Ledger, the Australian who came to Hollywood as Mel Gibson's fierce fighting son in the Revolutionary War drama "The Patriot" (2000), plays Ennis Del Mar, a taciturn range rider who takes a temporary job tending a rancher's livestock.
Jake Gyllenhaal plays Jack Twist, a rodeo circuit itinerant. Over a couple of months, the two young men share grub, scare off coyotes, and get intimate -- real intimate -- in the frosty nights inside the tent.
What happens next
Both insist they're not "queer." Both start families. Gyllenhaal's gal is played with dash by Anne Hathaway. Ledger's wife is played, with quiet, staggering sadness, by Michelle Williams. Ledger and Williams fell in love last year during the shoot, and now live in Brooklyn with their six-week-old girl, Matilda Rose.
The film spans 20 years and a lot of tears as the men rattle around in unhappy marriages, hooking up for fishing trips and motel assignations. Ennis' love for Jack, and his inability to express it and embrace it, is soul-crushing.
"It was pretty clear that this story hadn't been put to screen," says Ledger, 26, sporting a scruff of a goatee and wearing the black-and-yellow '60s gumboots he wore in "Brokeback Mountain" -- and stole from the wardrobe department. "It's not very often that you come across a story that hasn't been made."
'Risk factor'
The script for "Brokeback" was written seven years ago, and was one of those legendary unproduced gems that, at times, had Gus Van Sant and Joel Schumacher attached to direct, and "Walk the Line's" Joaquin Phoenix as a star. But the subject scared off producers, studios and actors.

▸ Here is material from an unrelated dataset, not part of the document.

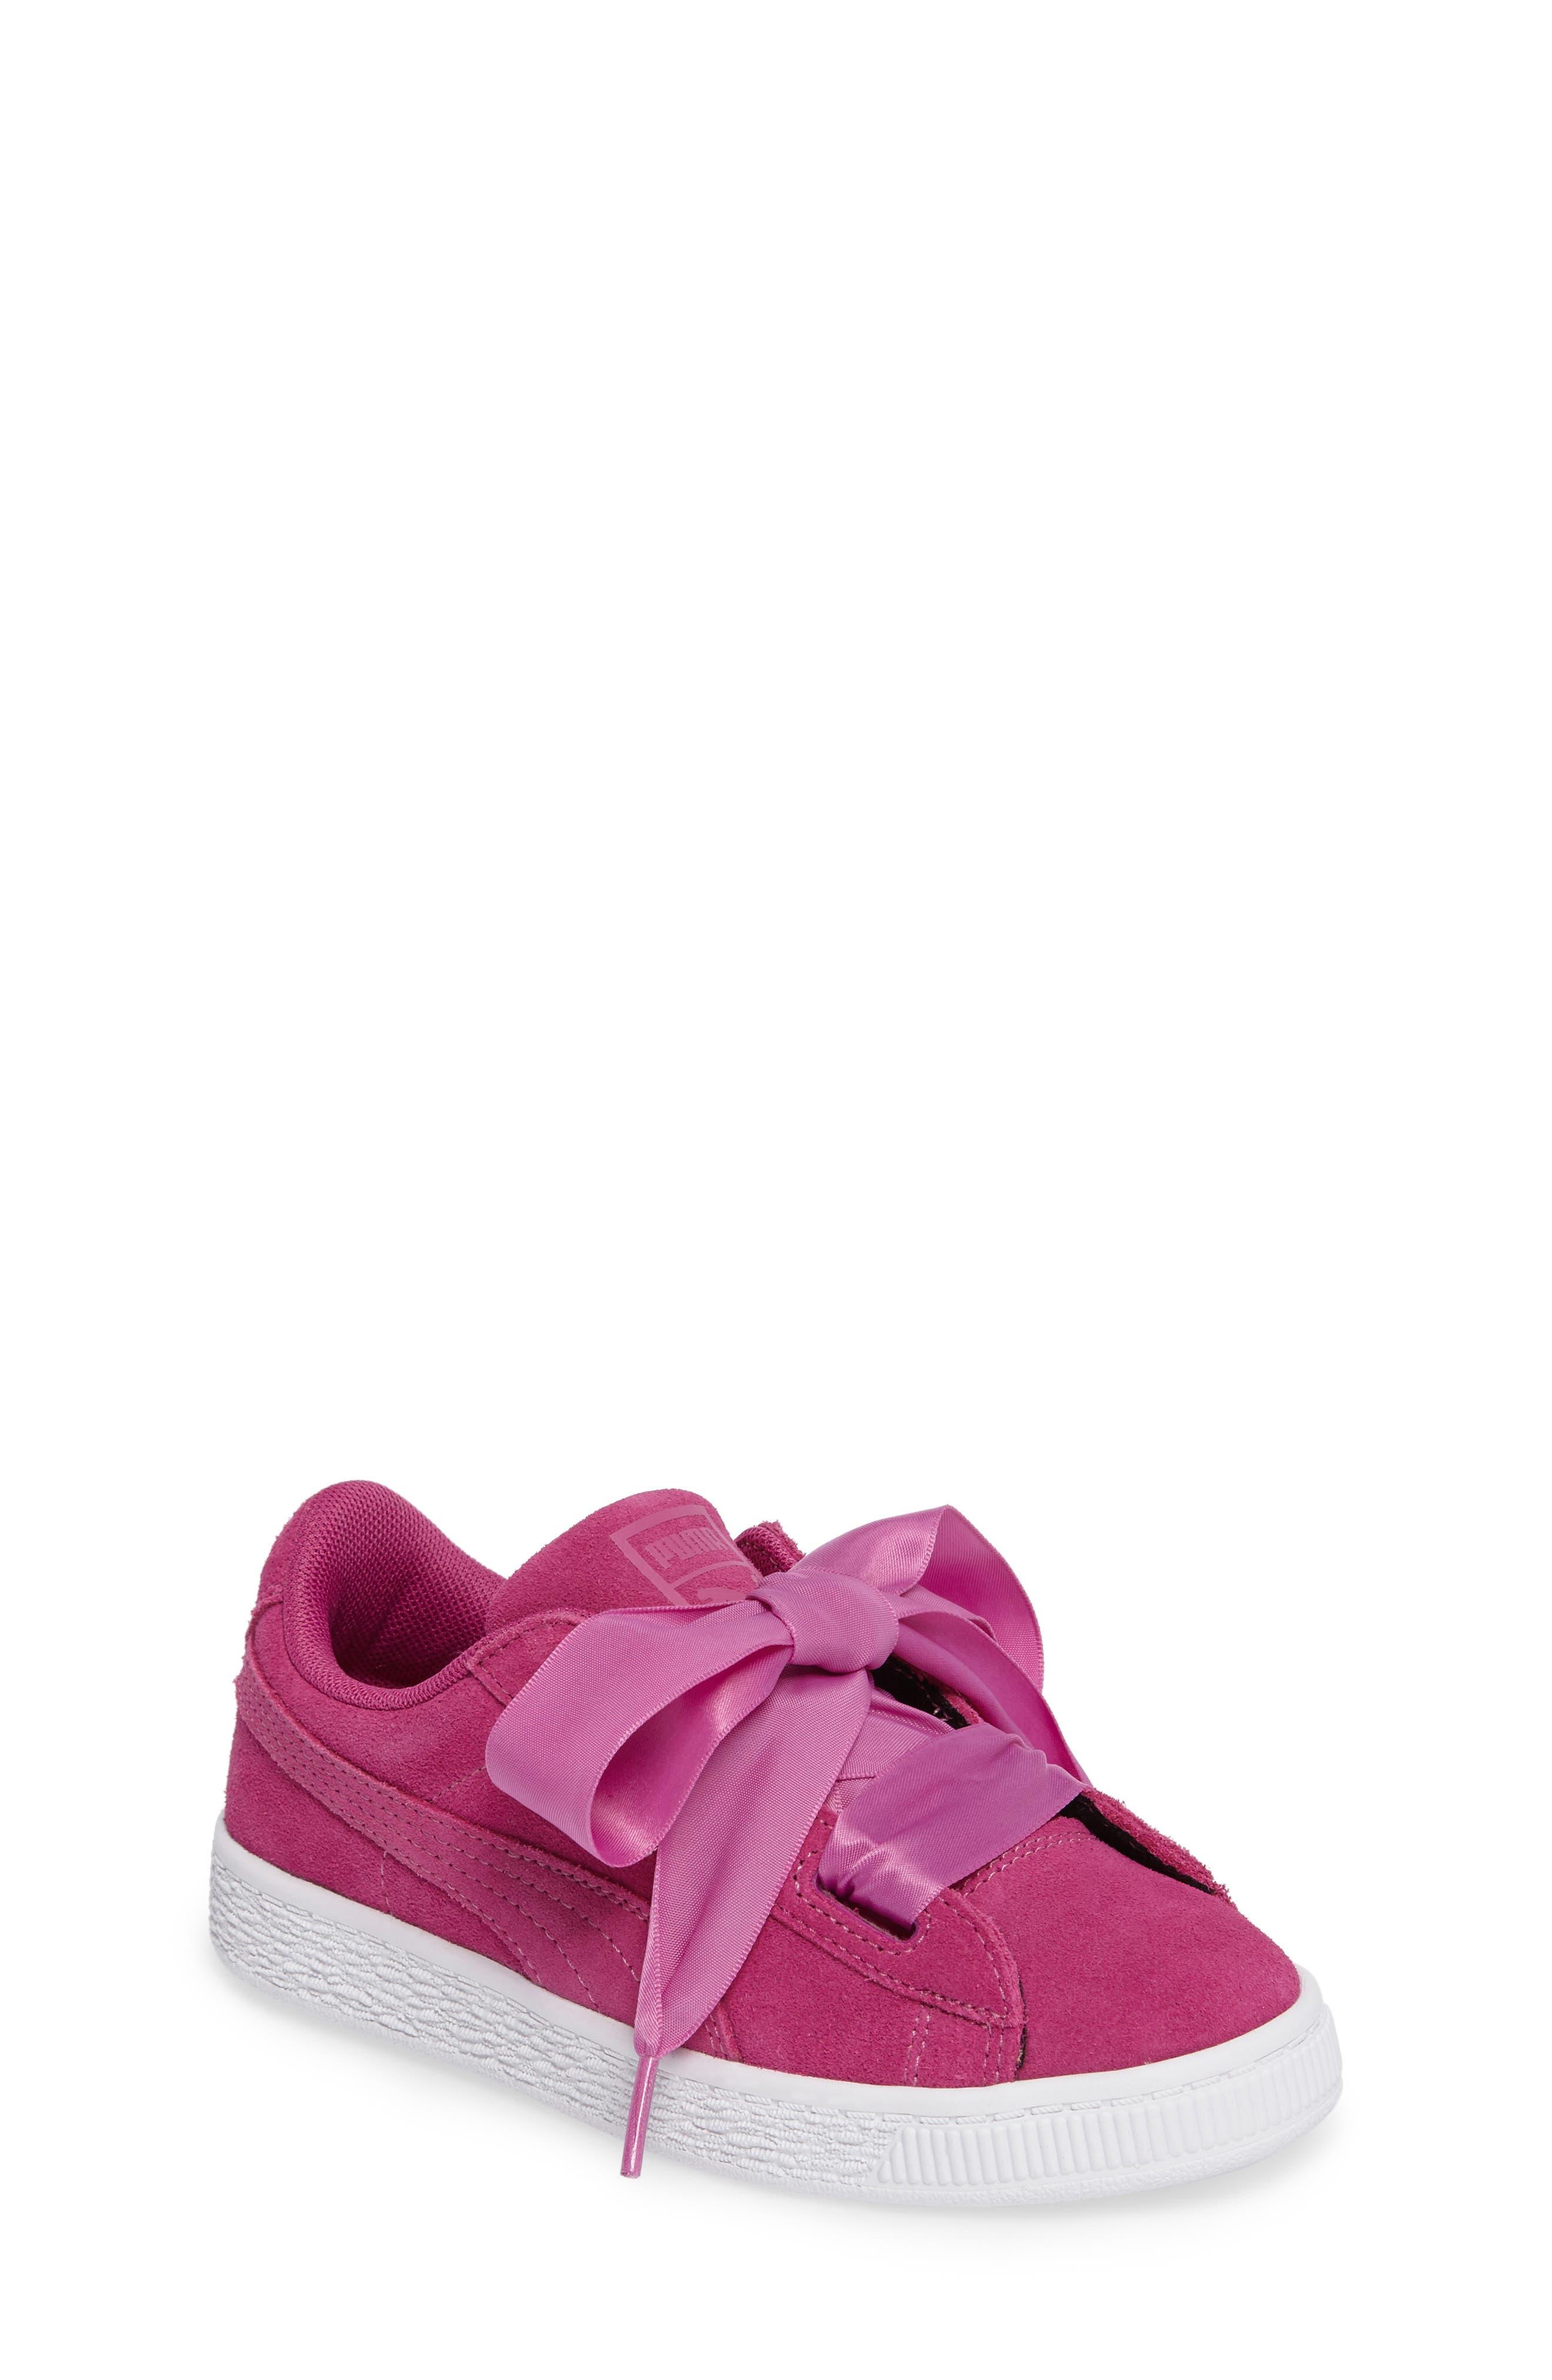 Puma Hearts Sneaker (Toddler, Little Kid & Big Kid)

"There was this kind of industry-manufactured fear and risk factor that was surrounding the script," says Ledger, whose career, up to "Brokeback Mountain," has been marked by star turns in jaunty historical pieces and big-budget bombs. His resume, in part: "A Knight's Tale" (2001), "The Four Feathers" (2002), "The Order" (2003), this summer's "The Brothers Grimm," and the Christmas Day release "Casanova," a sanitized piece of ribaldry about the legendary Venetian lover.

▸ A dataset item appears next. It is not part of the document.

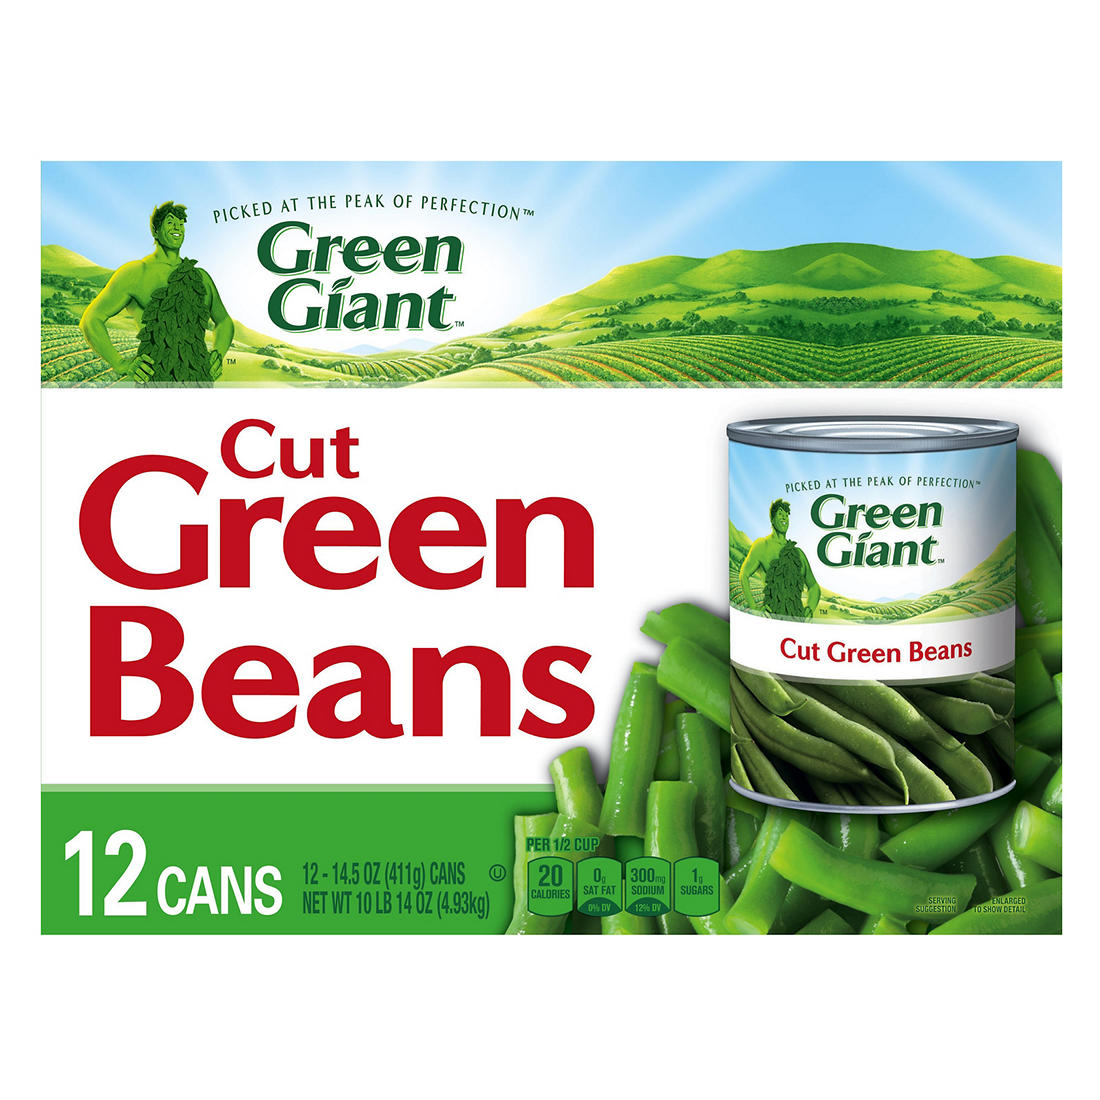 Green Giant Green Beans, 12 ct./14.5 oz

Ledger read Proulx's story, and the screenplay by Larry McMurtry and Diana Ossana, and fell for it. "I truly had a lump in my throat, but ... these manufactured fears started to bleed into my response to the script -- 'Oh, this is risky,' that sort of thing.
"But then that just started to fade away and I thought ... 'What exactly am I risking?' "
What made difference
Oscar-winning director Ang Lee, coming off the superhero flop "Hulk," had seen a glimmer of Ledger's strength in his small part as Billy Bob Thornton's prison-guard son in "Monster's Ball." But it wasn't until they met that Lee was sure.
"In terms of depth of acting and impressiveness of his performance, that would be 'Monster's Ball' for me. But that was a small part," Lee says in a phone interview. "There was still the question: Can he carry the movie? Meeting him, it gave me the feeling that he could ..."
"Heath," he says, "had these Western qualities: brooding, elegiac, tough, conservative and secretive. And also he provides vulnerability and complexity to the character, he carries fear and violence.